Some time before I’ve changed my vocabulary size to 31999 in sentencepiece, because I was convinced it will speed up the training with AMP (spoiler it didn’t). But now I have two different models, one with 31999 and another with 32000 sentencepiece vocabulary sizes.
If I understand correctly, ONMT-TF adds 1 more token for unk, so the sizes are 32000 and 32001 respectively.
When I try to export 32000 model to ctranslate2, it works fine, but for the 31999 model I get an error
ValueError: Source vocabulary 0 has size 31999 but the model expected a vocabulary of size 32000
I also tried to convert to saved_model format and it works fine.

OpenNMT-tf 2.31.0
Tensorflow 2.10.0
ctranslate2 3.9.1’

Maybe the model config would be useful as well


train:
  save_checkpoints_steps: 250
  keep_checkpoint_max: 100
  save_summary_steps: 50
  effective_batch_size: null
  batch_size: 16384
  average_last_checkpoints: 8
  sample_buffer_size: 100000000


eval:
  steps: 250
  external_evaluators:
    - BLEU
    - chrf
  export_on_best: BLEU
  early_stopping:
    metric: bleu
    min_improvement: 0.1
    steps: 10

params:
  learning_rate: 1.0
model_dir:  *model_path*
data:
  train_features_file:  *training_features_path*
  train_labels_file: *training_labels_path*
  eval_features_file:  *eval_feature_path*
  eval_labels_file:  *eval_labels_path*
  source_vocabulary: *vocab_path*
  target_vocabulary:  *vocab_path*
  source_tokenization:
    type: OpenNMTTokenizer
    params:
      mode: none
      sp_model_path: *model_path*

  target_tokenization:
    type: OpenNMTTokenizer
    params:
      mode: none
      sp_model_path: *model_path*
1 Like

Most likely the <unk> token is included the vocabulary file. Can you check that?

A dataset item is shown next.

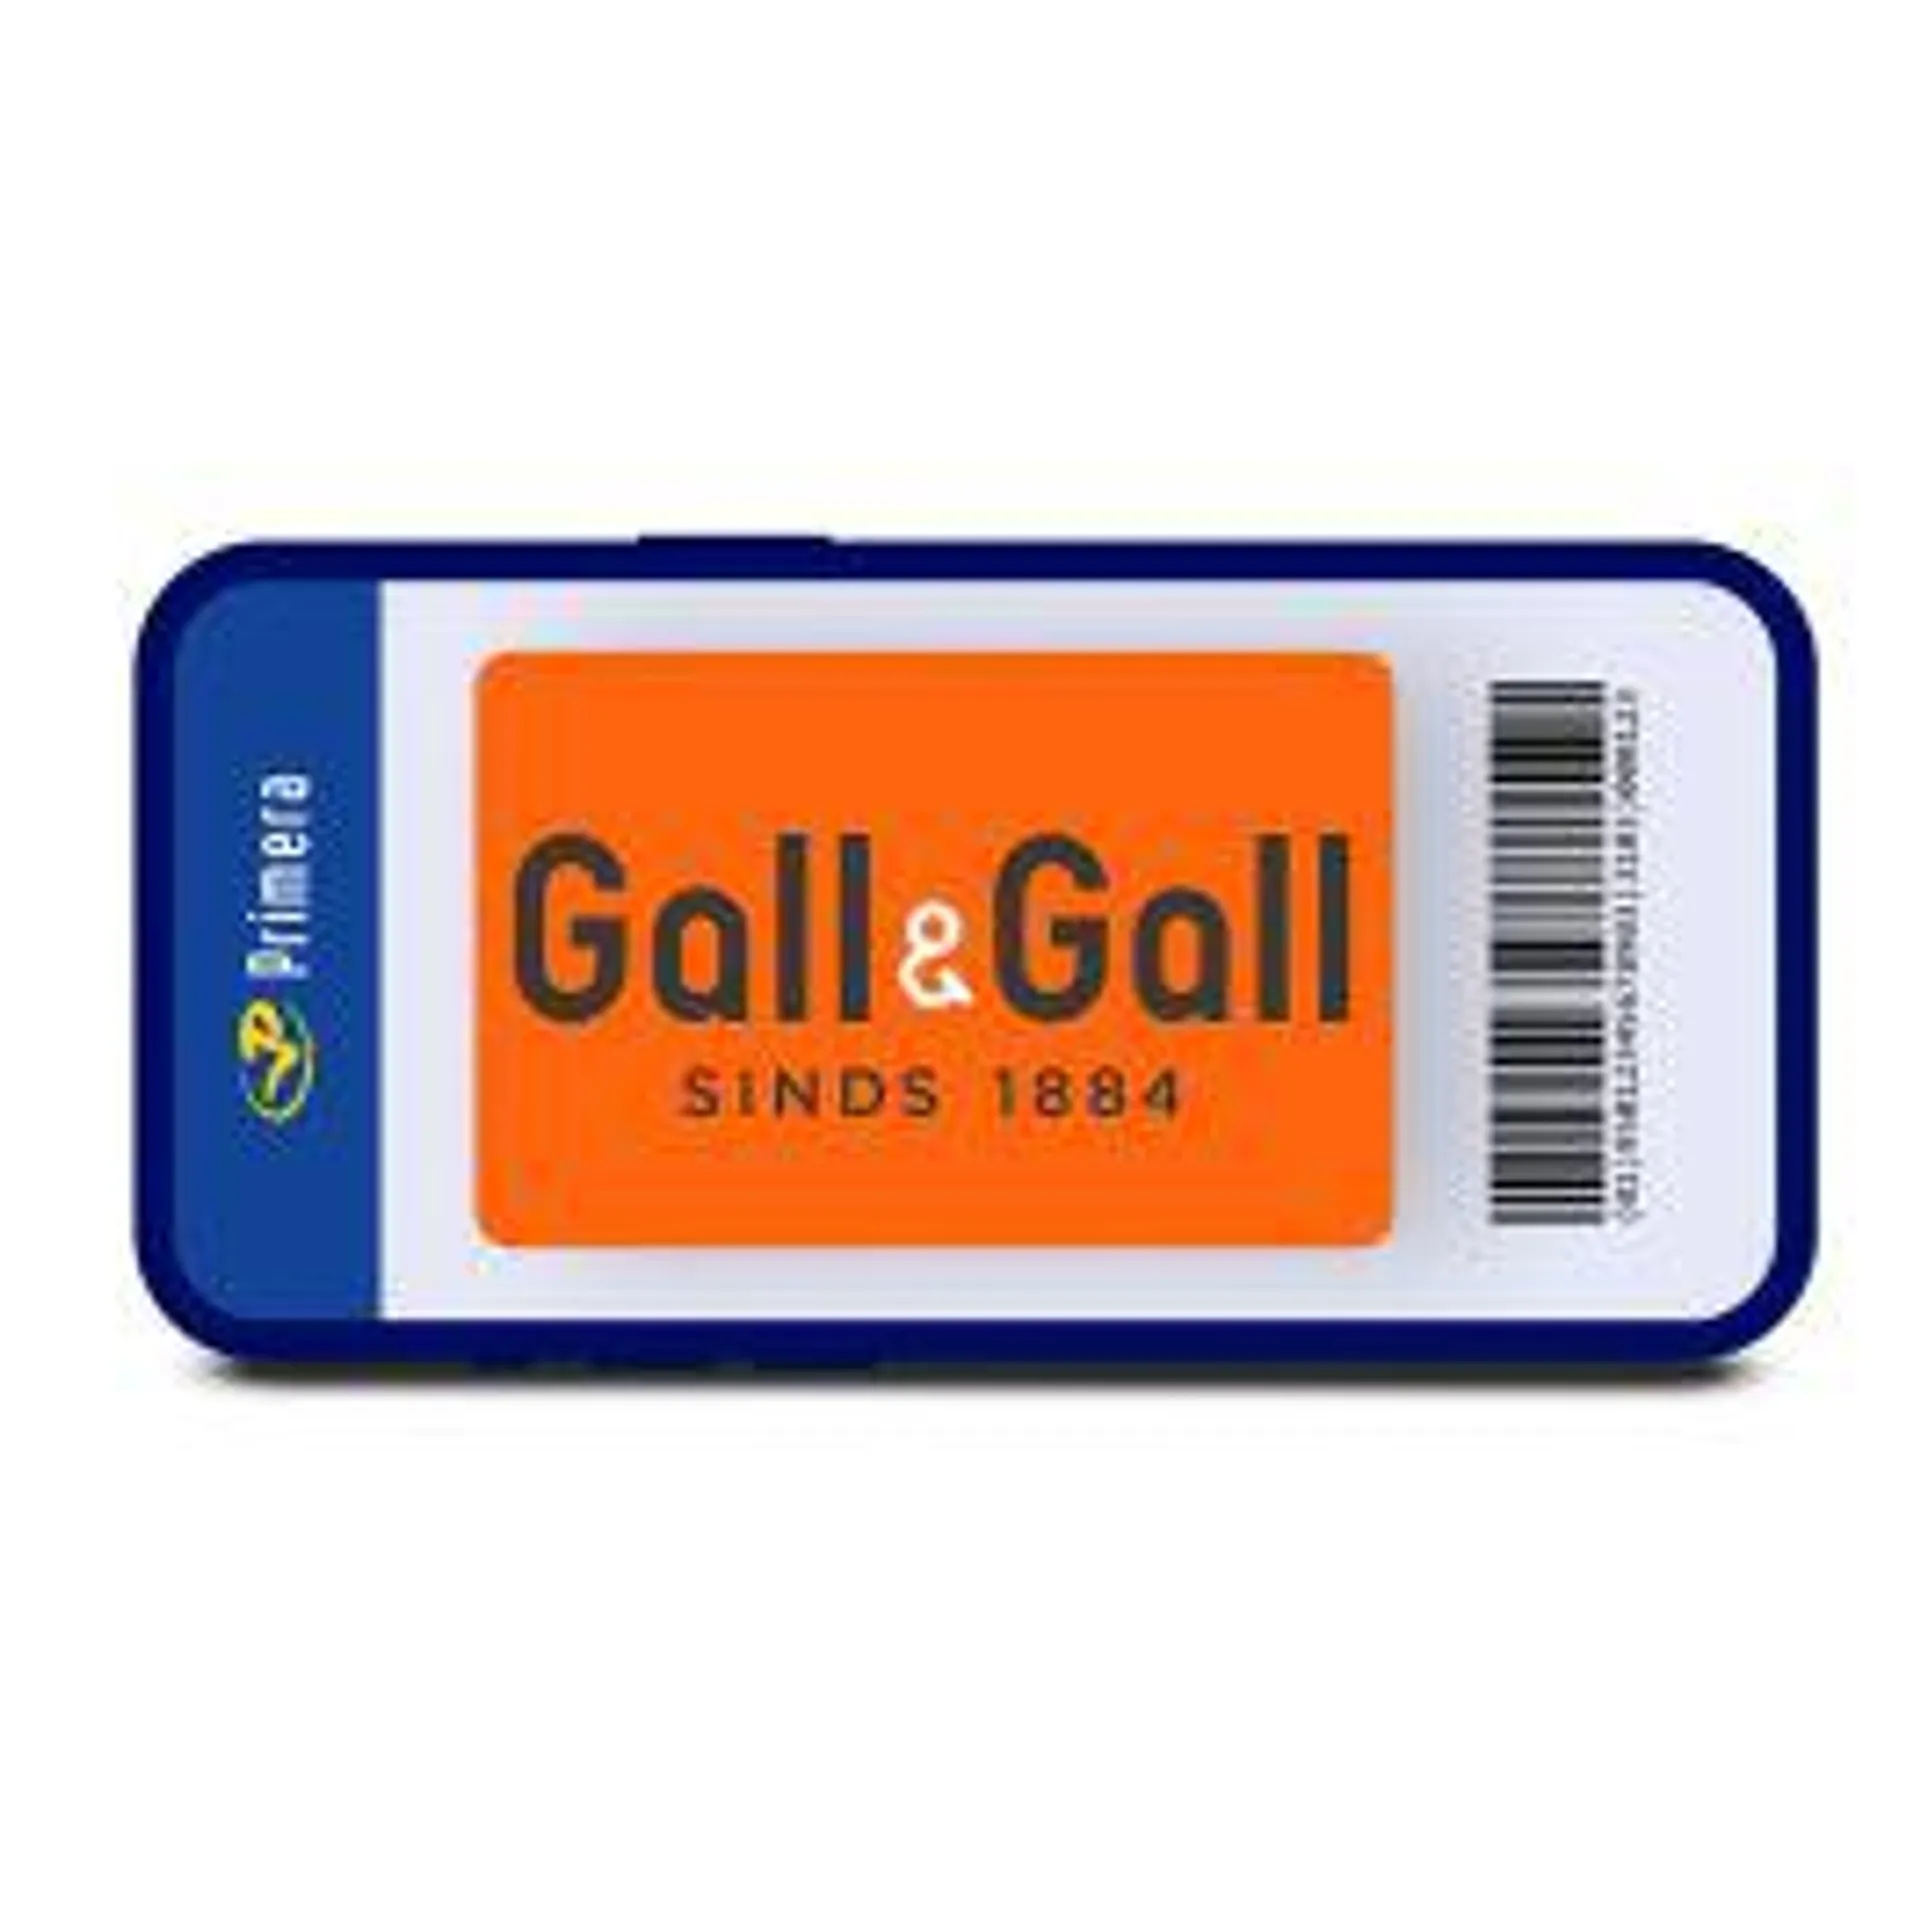 Gall & Gall digitale cadeaukaart

As you mentioned, OpenNMT-tf automatically adds an entry for out of vocabulary tokens (i.e. all the tokens that do not appear in the vocabulary file).

If the vocabulary file contains <unk>, the CTranslate2 converter will ignore the additional entry causing the size mismatch.

A quick workaround is to rename the <unk> token in the vocabulary to something else like <unknown>.

Yes, I did check, there’s indeed 2 <unk>, one from spm and one added by OpenNMT-tf vocab bulding.
However I still don’t understand how it happens that with different vocab sizes I get different results. Is there a hardcoded size of 32000 for ctranslate conversion?
I mean if the token gets removed both cases should result in a mismatch.

Can you share the 2 vocabularies?

Unfortunately sharing the vocabs is not possible, since they are proprietary.
But the imprint is the following

<unk>
...
...
<unk>

and one of them have 32000 length, and another 32001 (after onmt, before it’s 31999 and 32000 respectively).
Is there any way I can give you more context without sharing the whole thing?

@guillaumekln renaming <unk> to <blank> totally worked